Exclude all pictures from your copy of the data below, which should otherwise match exactly.

Data below:
Start of Block

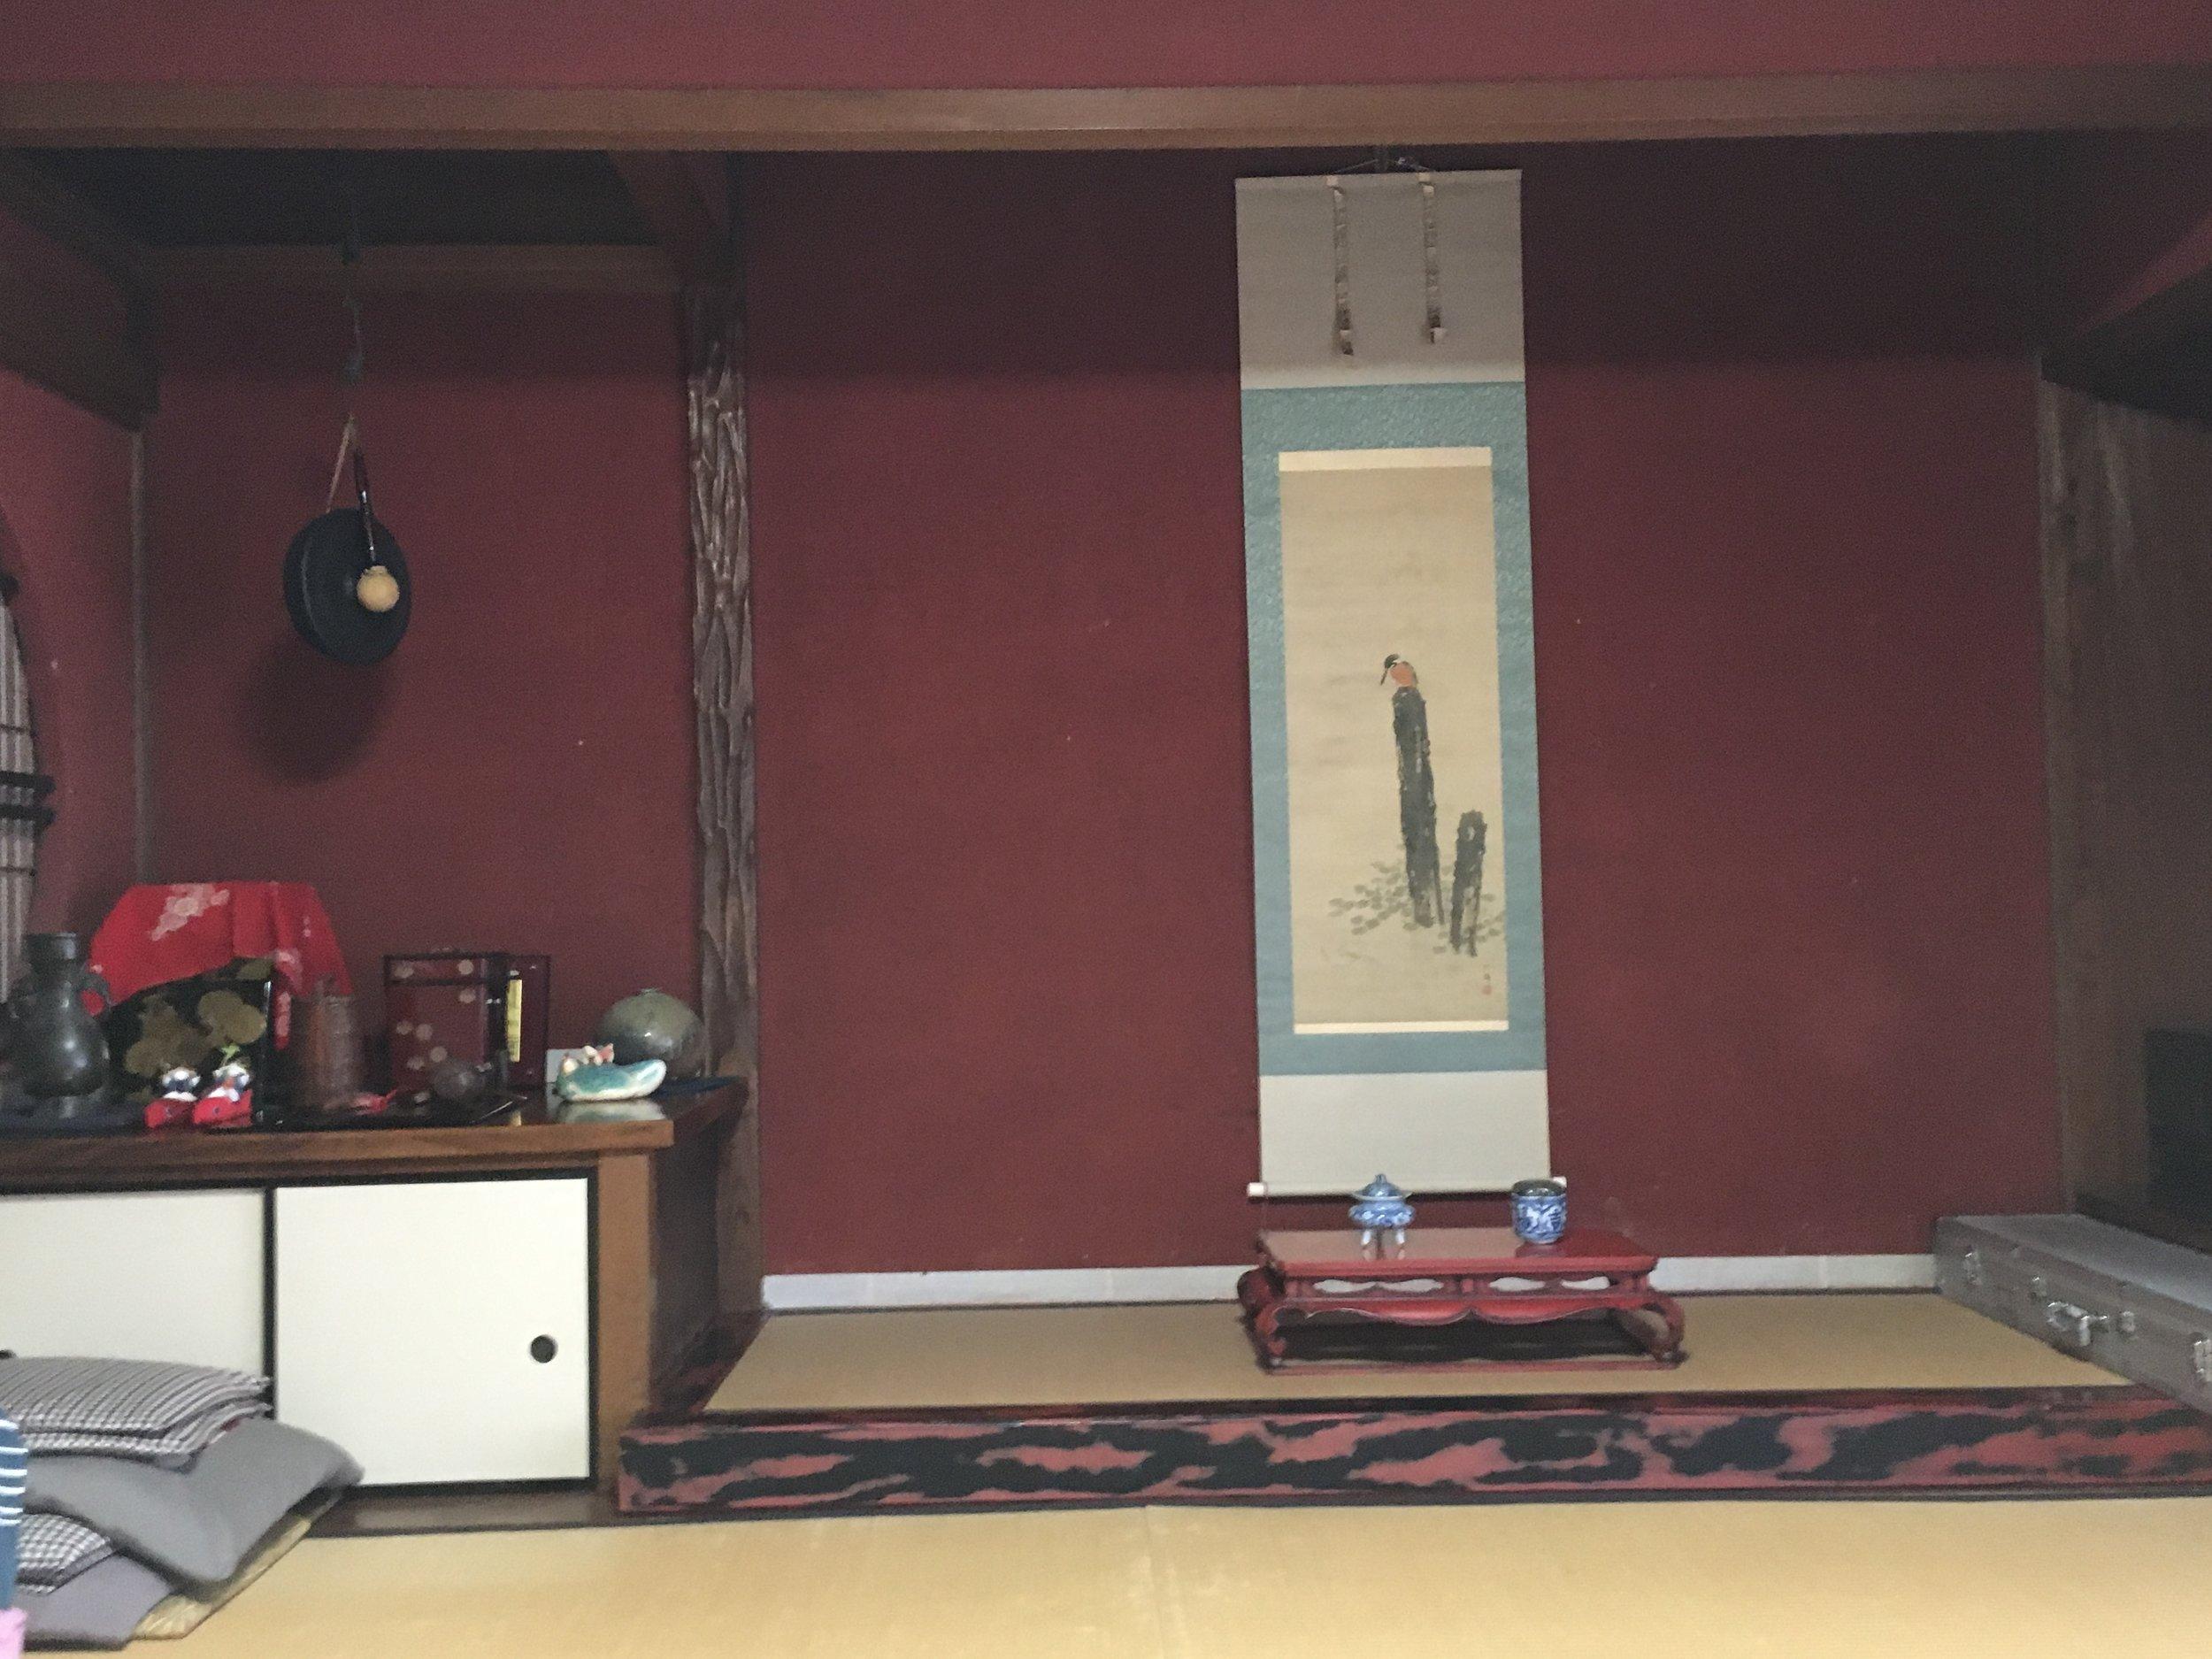 shamisen red room.JPG
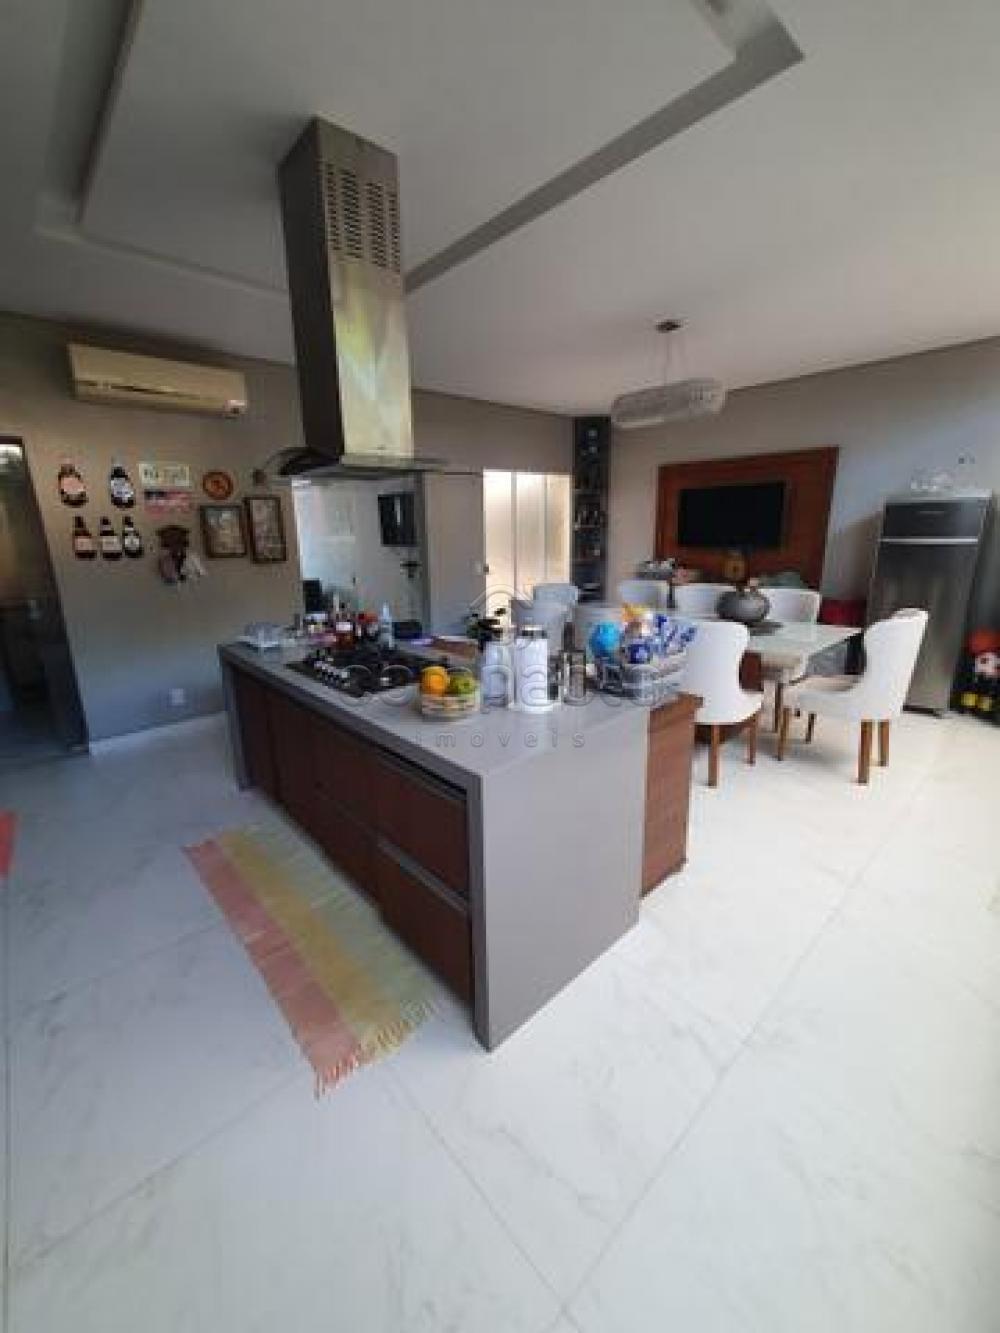 Comprar Casa / Condomínio em São José do Rio Preto apenas R$ 535.000,00 - Foto 17
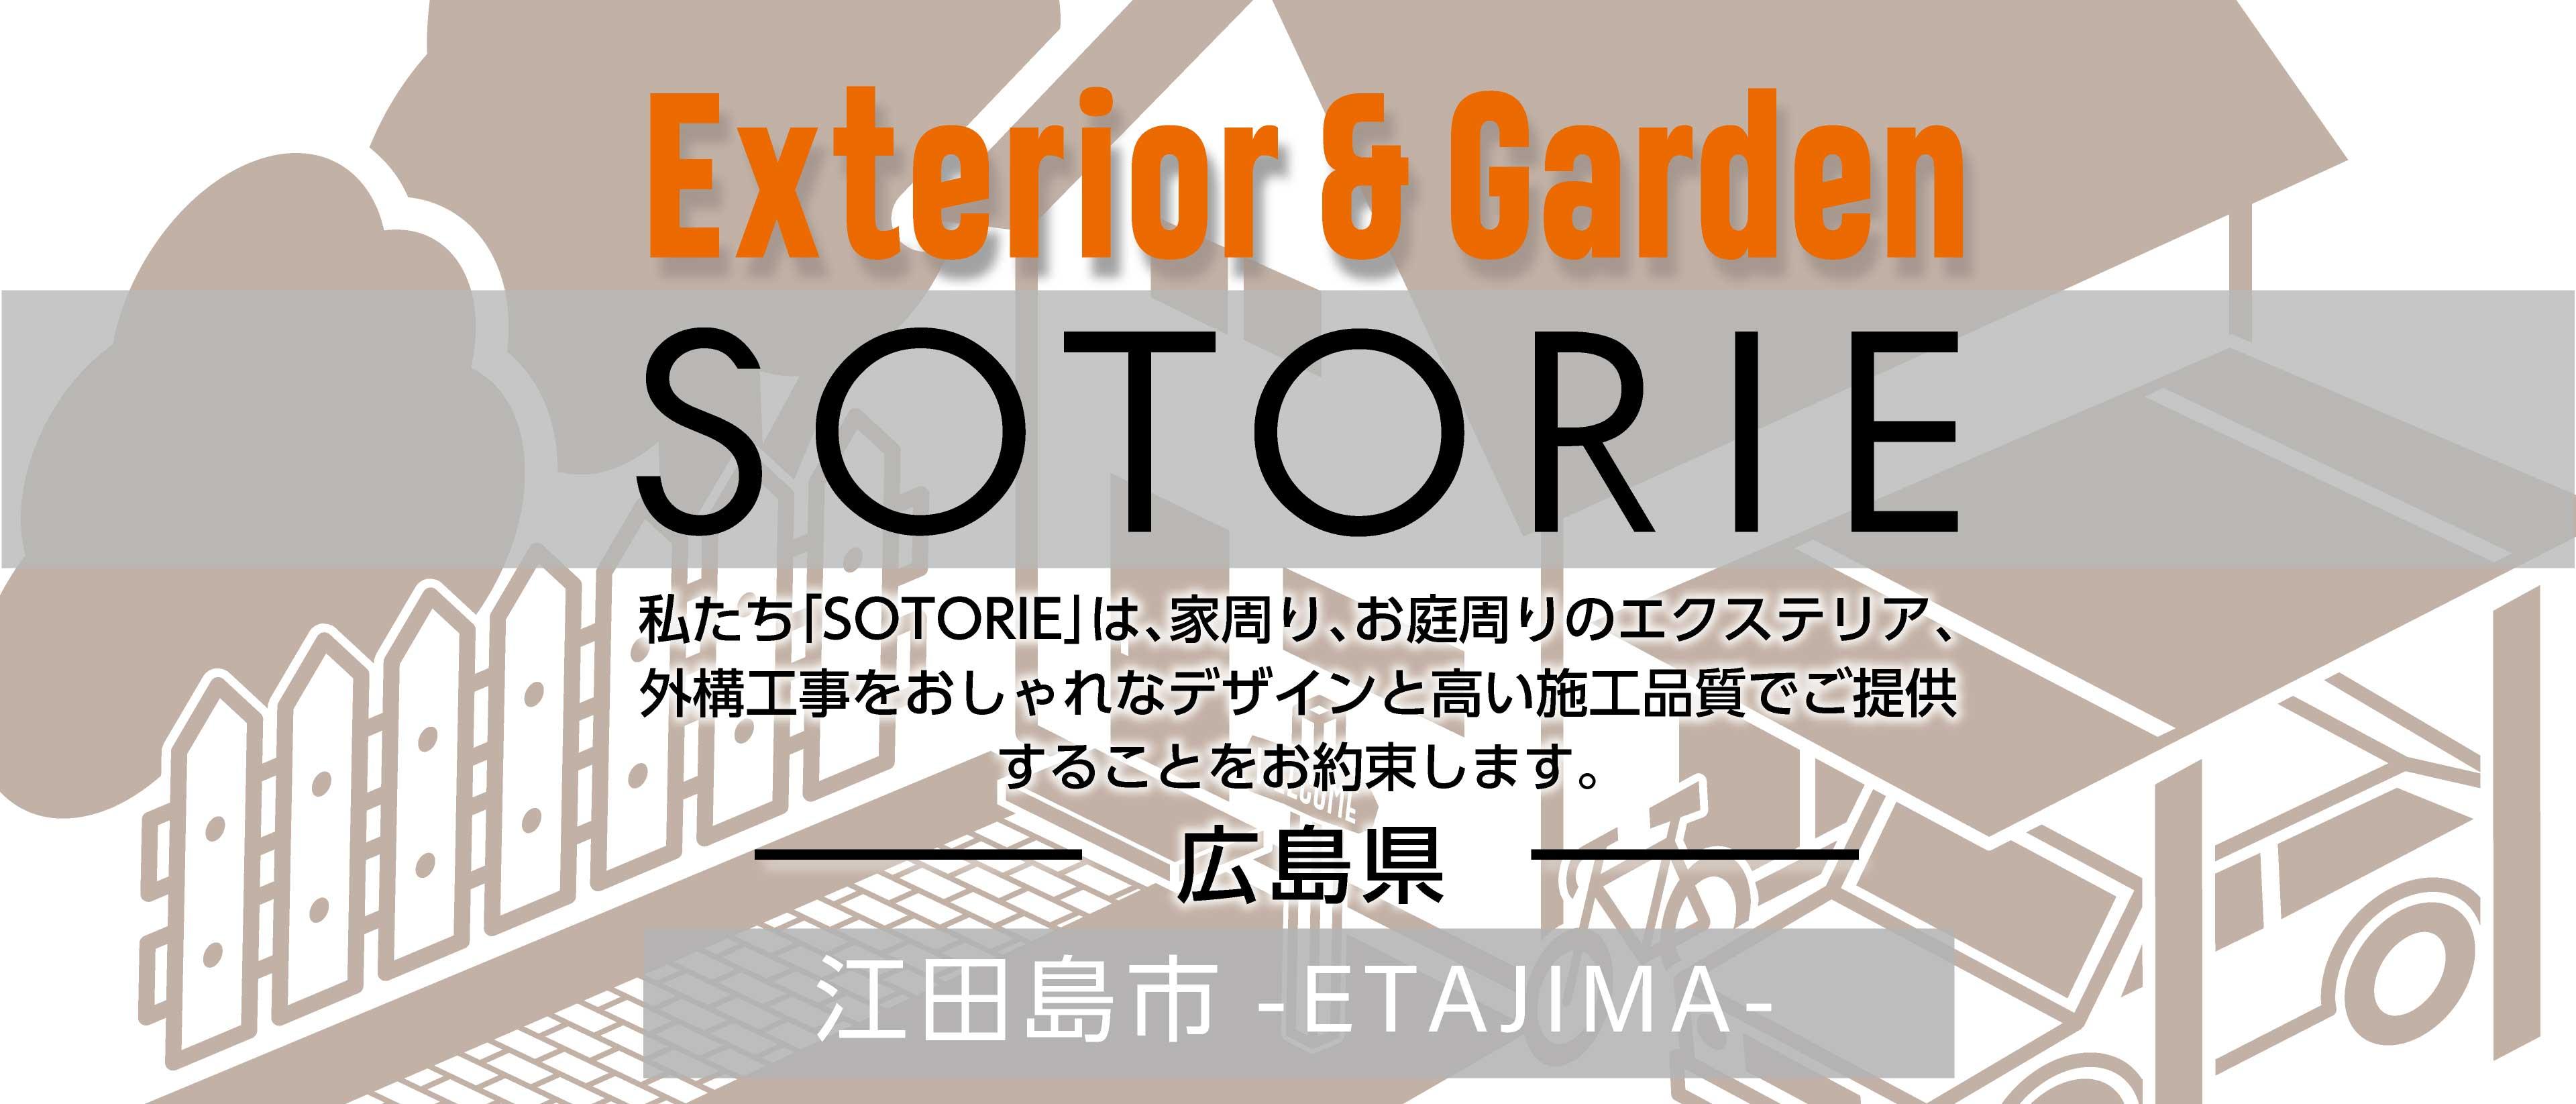 ソトリエ江田島市では、家周りと庭周りの外構、エクステリア工事をおしゃれなデザインと高い施工品質でご提供することをお約束します。

End of Block

Result:
 shamisen red room.JPG
 Comprar Casa / Condomínio em São José do Rio Preto apenas R$ 535.000,00 - Foto 17
 ソトリエ江田島市では、家周りと庭周りの外構、エクステリア工事をおしゃれなデザインと高い施工品質でご提供することをお約束します。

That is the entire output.